On the other hand, if the "outstanding issue" thought comes into my mind, and I call it worry (which it is), and instead of holding onto that thought, if I treat it like a signal, like an alarm bell, like a red light, then that frees me up to act on the signal.  Instead of treating the "outstanding issue" thought as an activity waiting to be engaged in, if I treat it as an self-alert, then I can move to deal with it at a later, more appropriate time.

The question becomes: "What action can I take right now to make sure that the outstanding issue is dealt with at the appropriate time and place?"  Maybe make a reminder on an index card and put it in my work pants pocket.  Maybe make a reminder on my phone.  Maybe send myself a memory jogger in email.  Maybe write a card and stick it in the Trello / Getting Things Done inbox.  It just needs to be something that I am confident will get my attention and lead me down the right mental path at the time when I know I will have resources to deal with the issue.

Any time spent on worry as an activity (beyond dealing with the reminder for the future time/place) I now believe to be worse than a total waste.  Not just worthless time spent, but also a drag on the rest of my life.  Any unnecessary, anxiety-provoking activity drags me down, makes me less capable of living my life in a worthwhile, enjoyable way.

Why did I not see this earlier in my life?  What could I have done to have learned this earlier in my adolescent / adult experience?

28 January 2017

Where I've been

It took a long while, but I believe I'm back after a knee surgery in 2015, after releasing / launching a new tree database for FamilySearch in the last half of 2016, and after coming through a difficult transition into a more positive life.

Thanks to my family who supported me (especially my wife), my friends and co-workers who were patient with me, and those who have waited for me to be a bit more positive and responsive in life.

11 July 2016

PTSD After Large Release

I don't like releasing large chunks of software at once, but there are situations where it's easier to swap out a large piece of interdependent pieces than it is to replace them piecemeal.

Except you have to make it through the release.

I worked on replacing the Family Tree database on familysearch.org with a new one.  Old was Oracle, new was Cassandra.

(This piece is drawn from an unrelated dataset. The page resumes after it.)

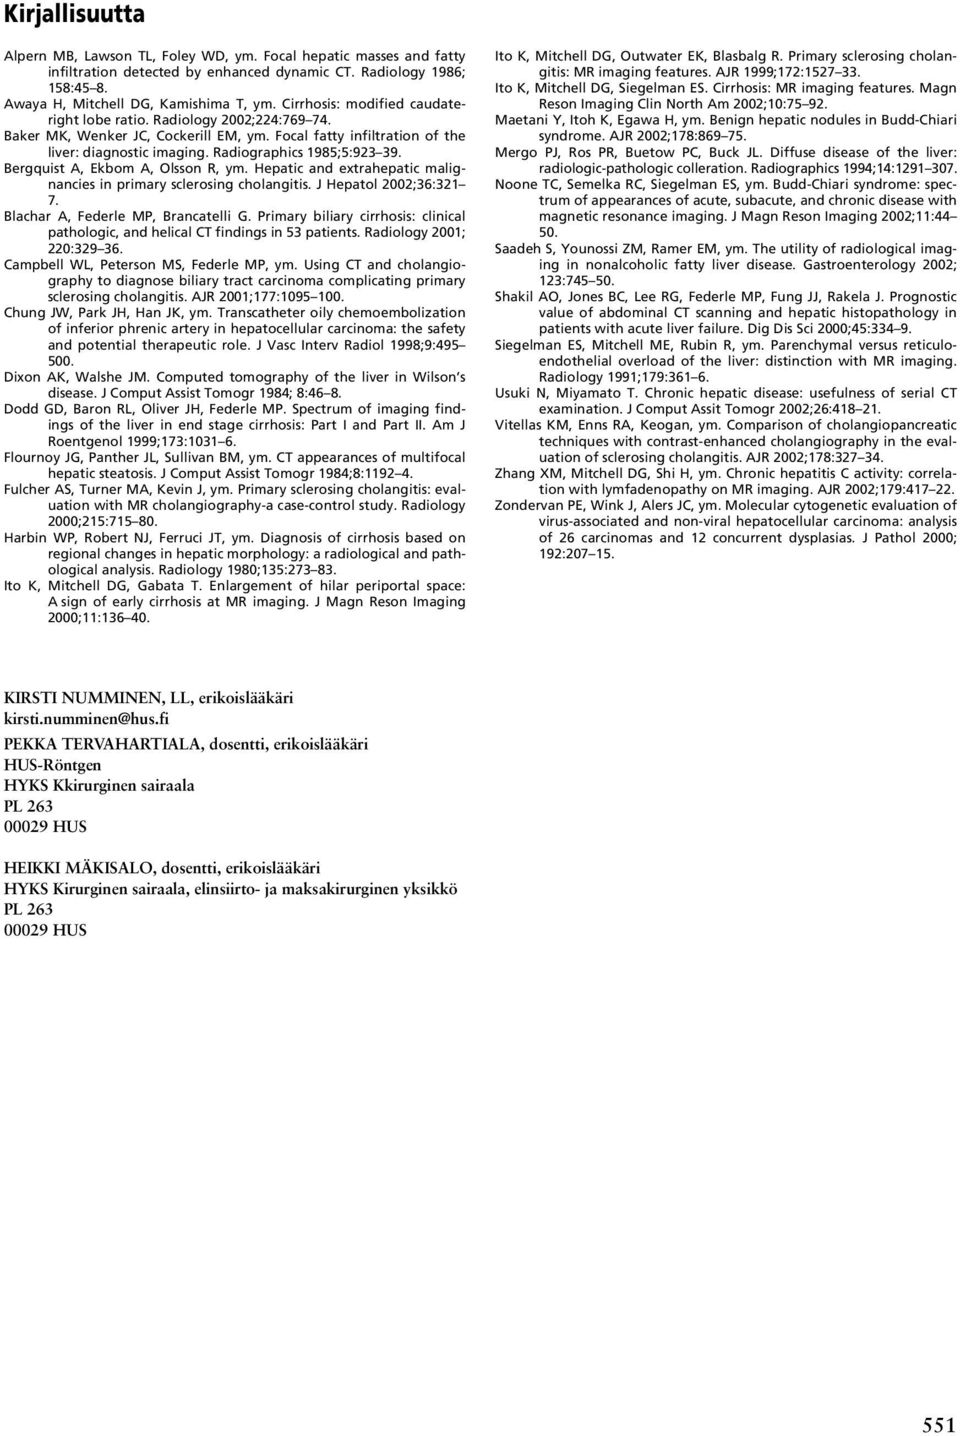 Bergquist A, Ekbom A, Olsson R, ym. Hepatic and extrahepatic malignancies in primary sclerosing cholangitis. J Hepatol 2002;36:321 7. Blachar A, Federle MP, Brancatelli G.

It started at 12:30am and extended, with various emergencies that were handled more or less gracefully by amazing people, until 6:21am.  And then it was done, and we had to start keeping it up.

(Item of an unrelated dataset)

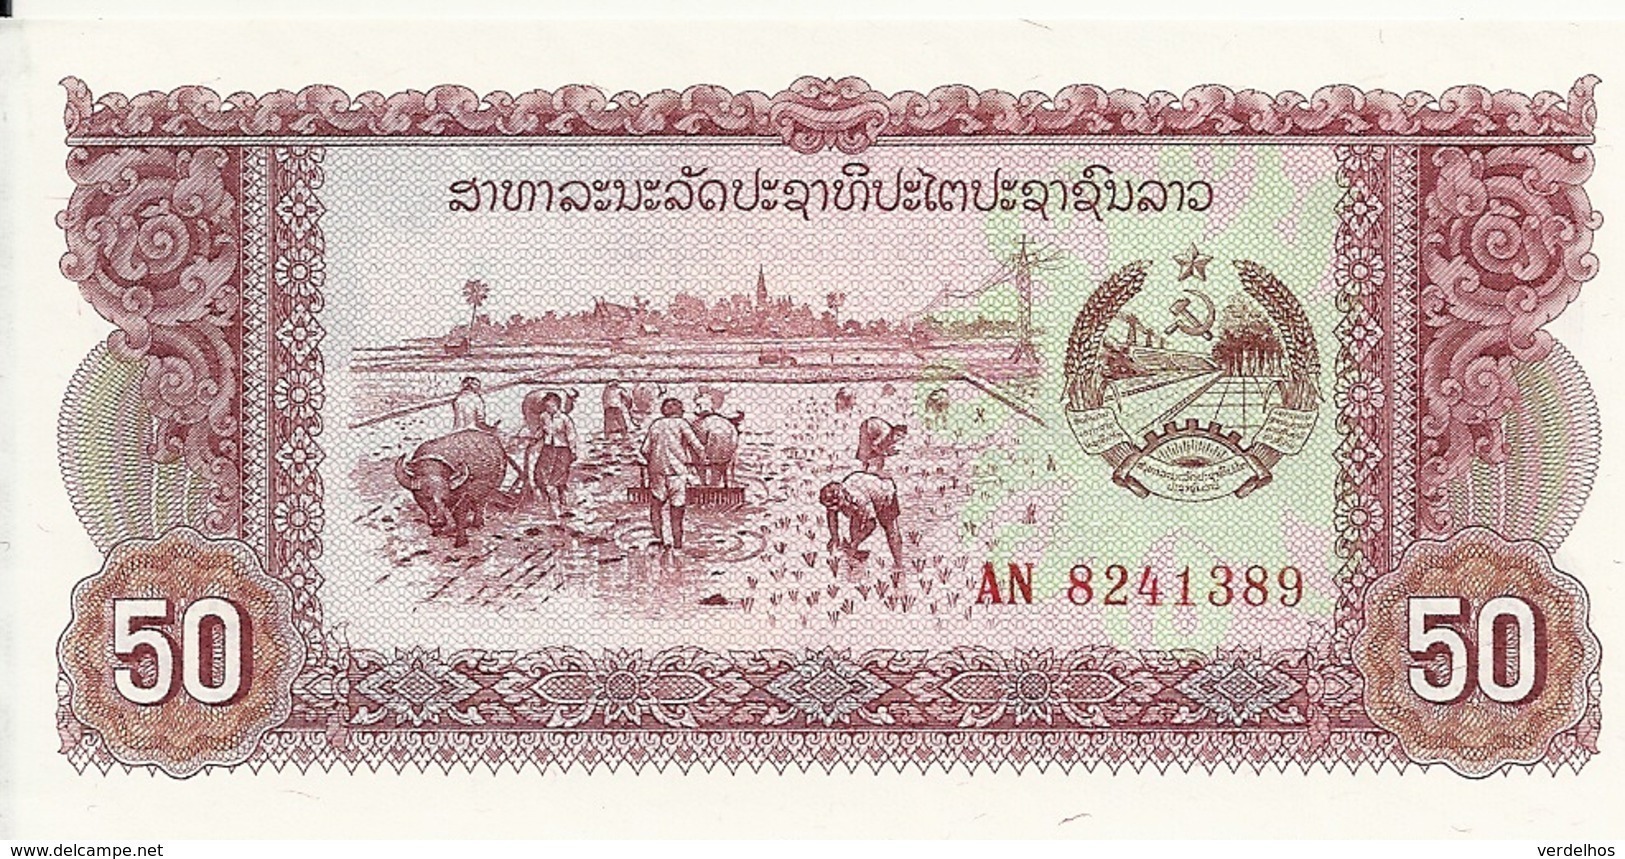 LAOS 50 KIP ND1979 UNC P 29 - Laos

After a few surprises that none of our simulations exposed, I have enough rest again and can function more or less normally.

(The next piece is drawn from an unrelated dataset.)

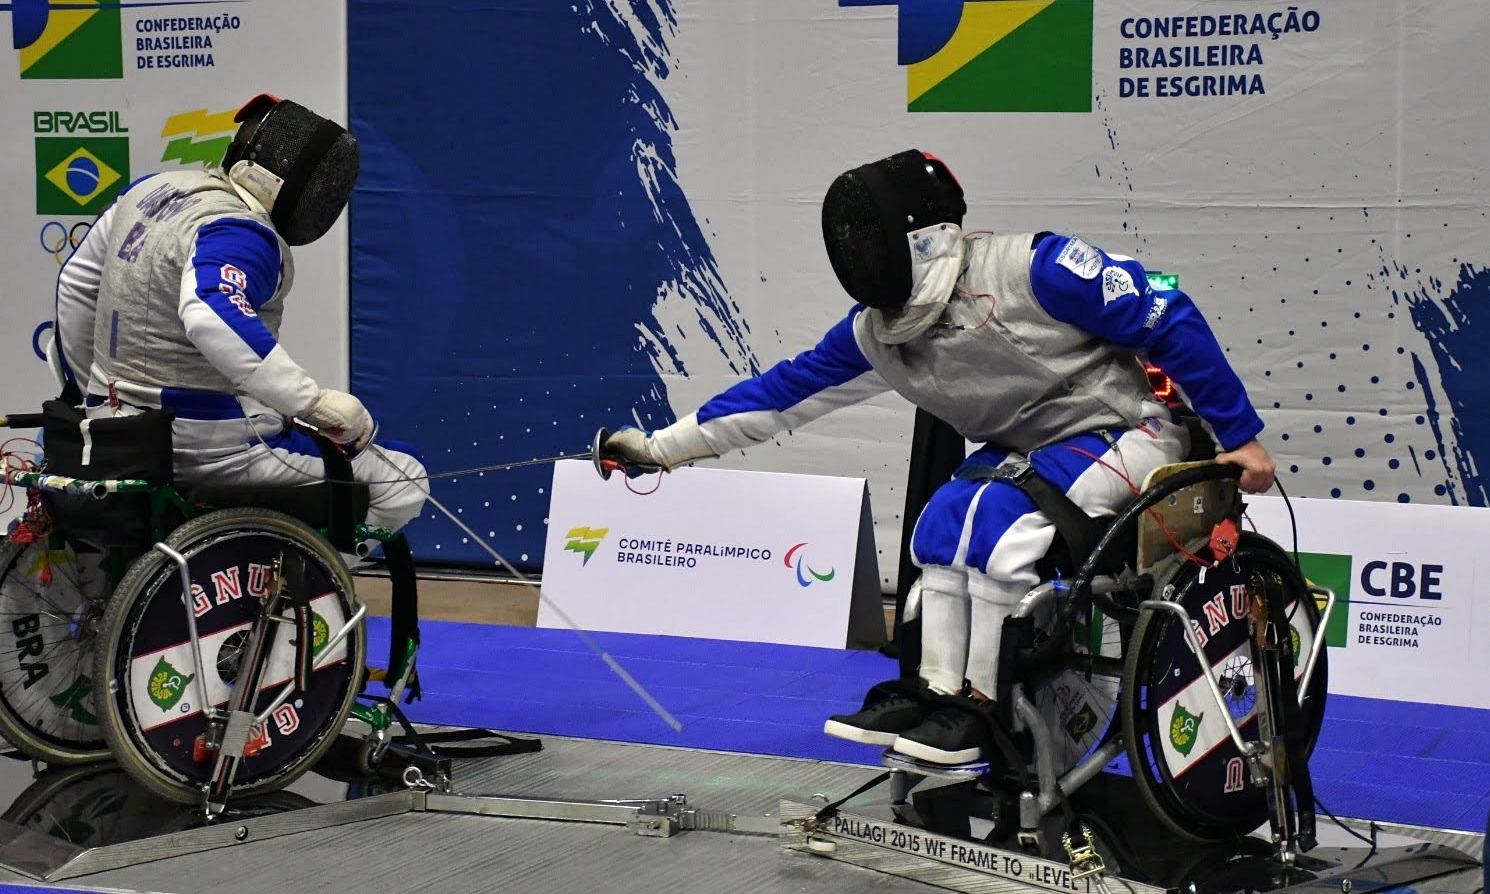 De olho no futuro, esgrima paralímpica realiza três eventos em São Paulo

However, the anxiety I felt during the release and the uncertainty I felt in the days just afterwards all added up to a feeling I don't remember feeling before.

Then I realized that the flashbacks and the irrational worry about keeping things working - probably some mild form of post-traumatic stress.

Certainly only a taste of what others go through who were in danger of losing their life and barely survived.  Not trying to imply that my experience is anywhere near that sort of thing.

I'm just trying to process my emotions and am hopeful this helps someone know they're not alone.